== Provided material ==

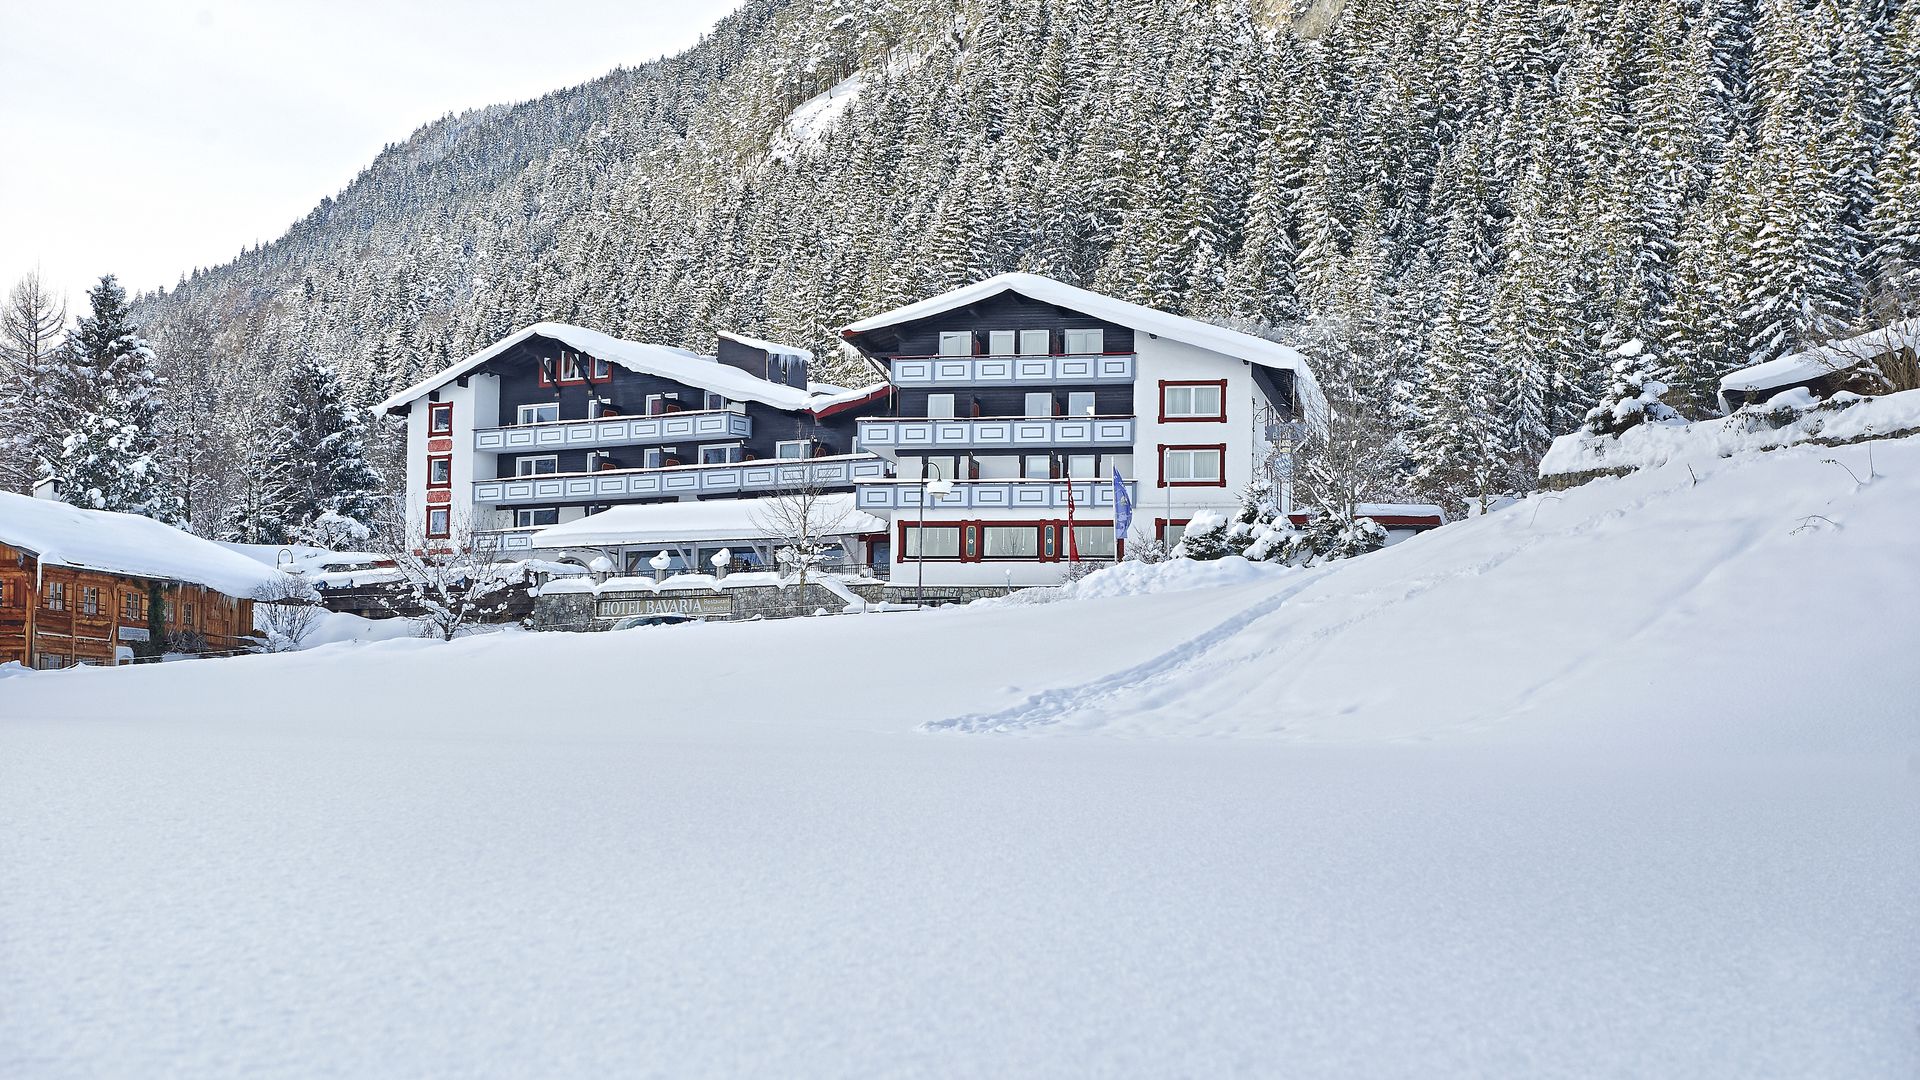 Familotel Bavaria im Winter. Mit tollem Rodelhand am Hotel. Direkteinstieg auf die Loipe. 400m zum Familienskigebiet.
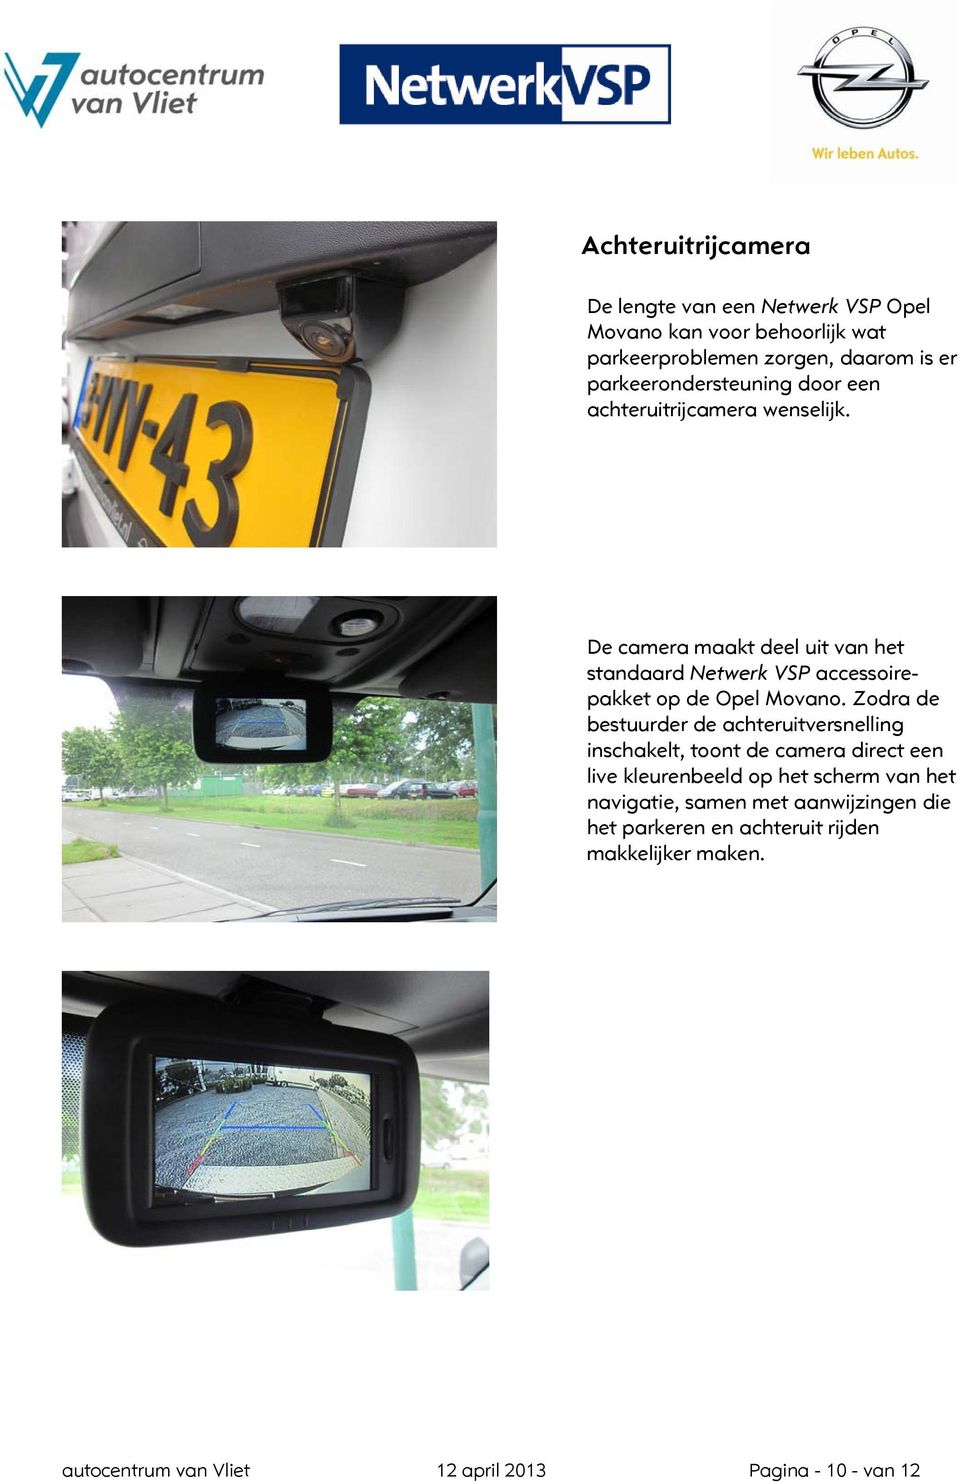 De camera maakt deel uit van het standaard Netwerk VSP accessoirepakket op de Opel Movano.
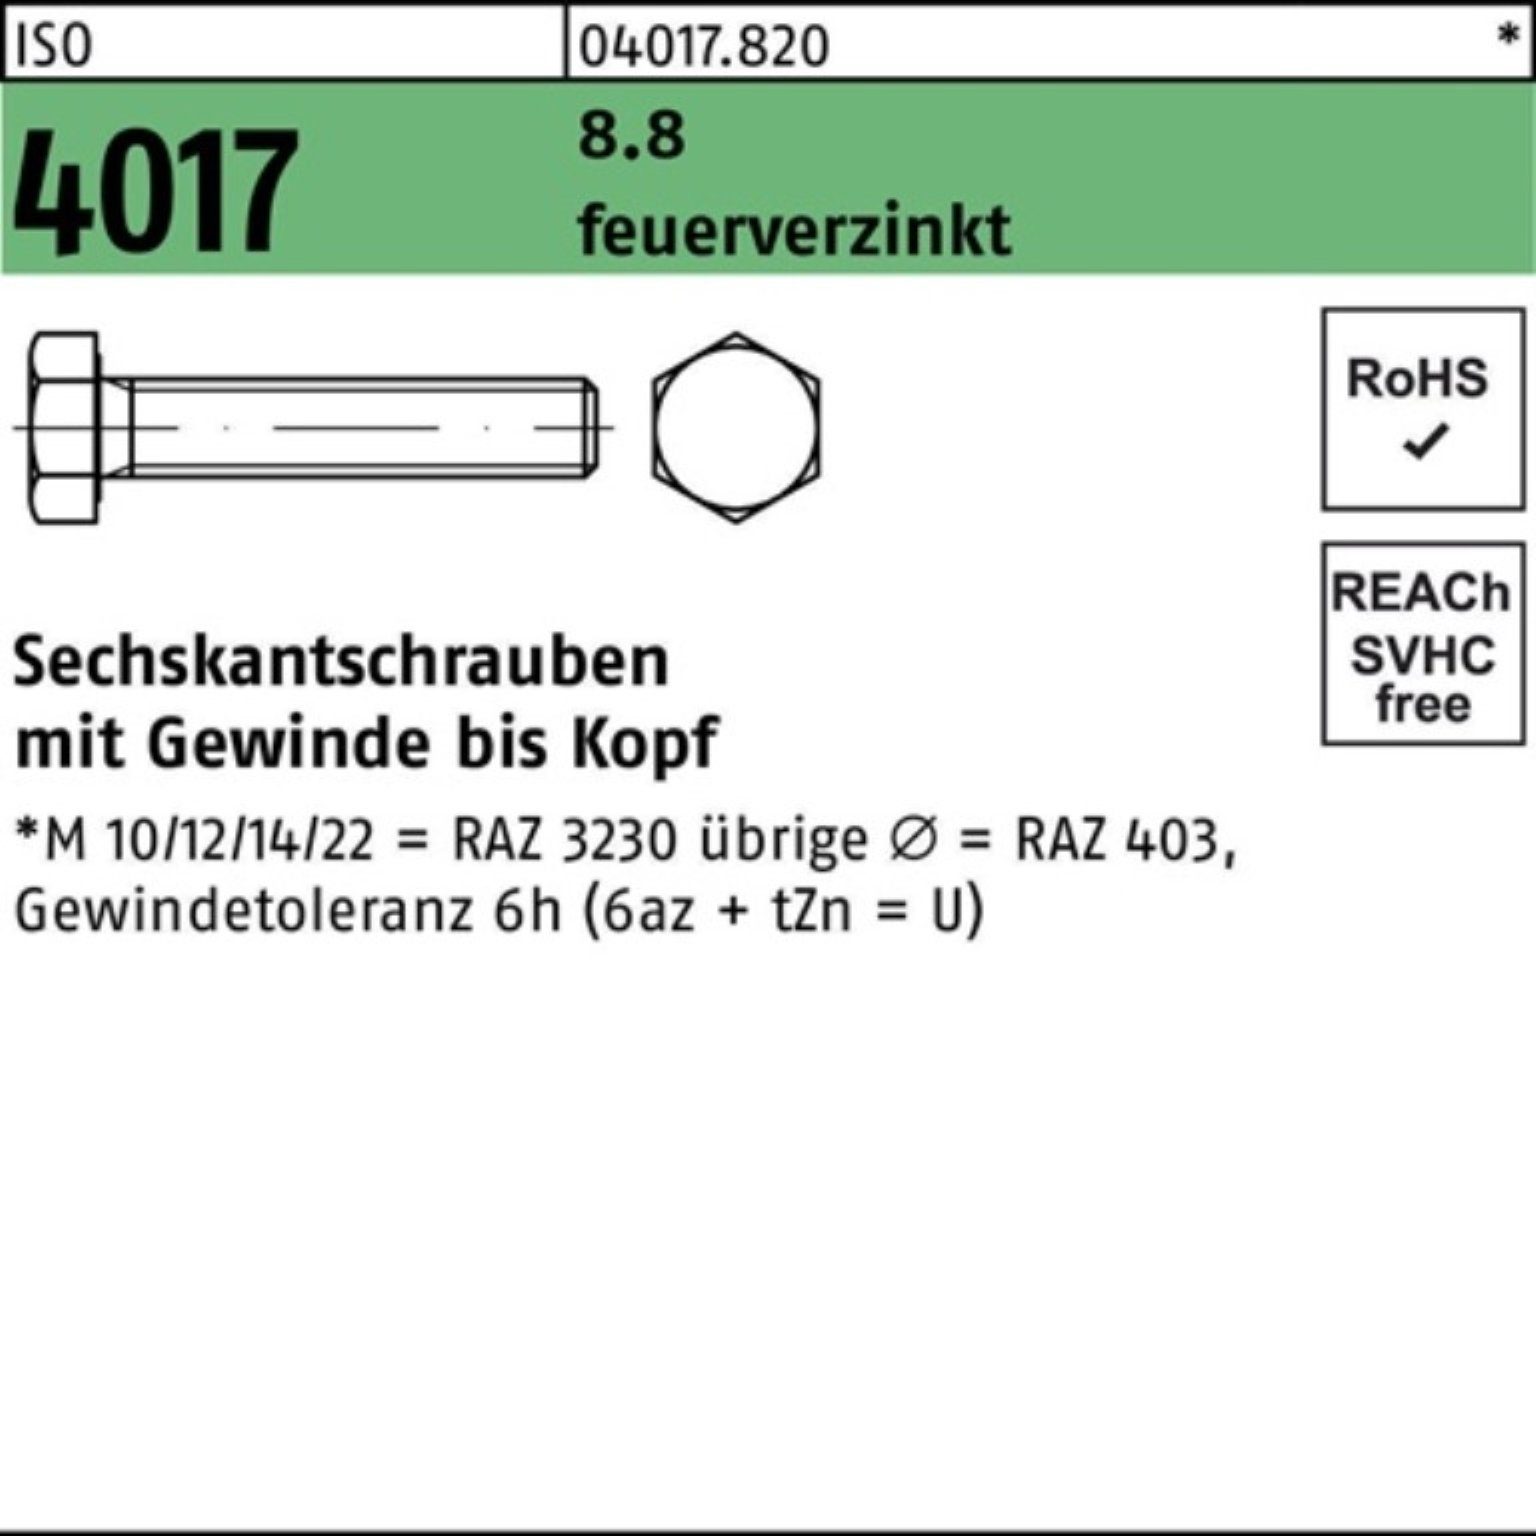 ISO Sechskantschraube St Bufab Pack 4017 M16x VG 8.8 Sechskantschraube 55 50 feuerverz. 100er

== Task description ==
The data is to be returned exactly as it stands, pictures aside.

== Result ==
 Familotel Bavaria im Winter. Mit tollem Rodelhand am Hotel. Direkteinstieg auf die Loipe. 400m zum Familienskigebiet.
 De camera maakt deel uit van het standaard Netwerk VSP accessoirepakket op de Opel Movano.
 ISO Sechskantschraube St Bufab Pack 4017 M16x VG 8.8 Sechskantschraube 55 50 feuerverz. 100er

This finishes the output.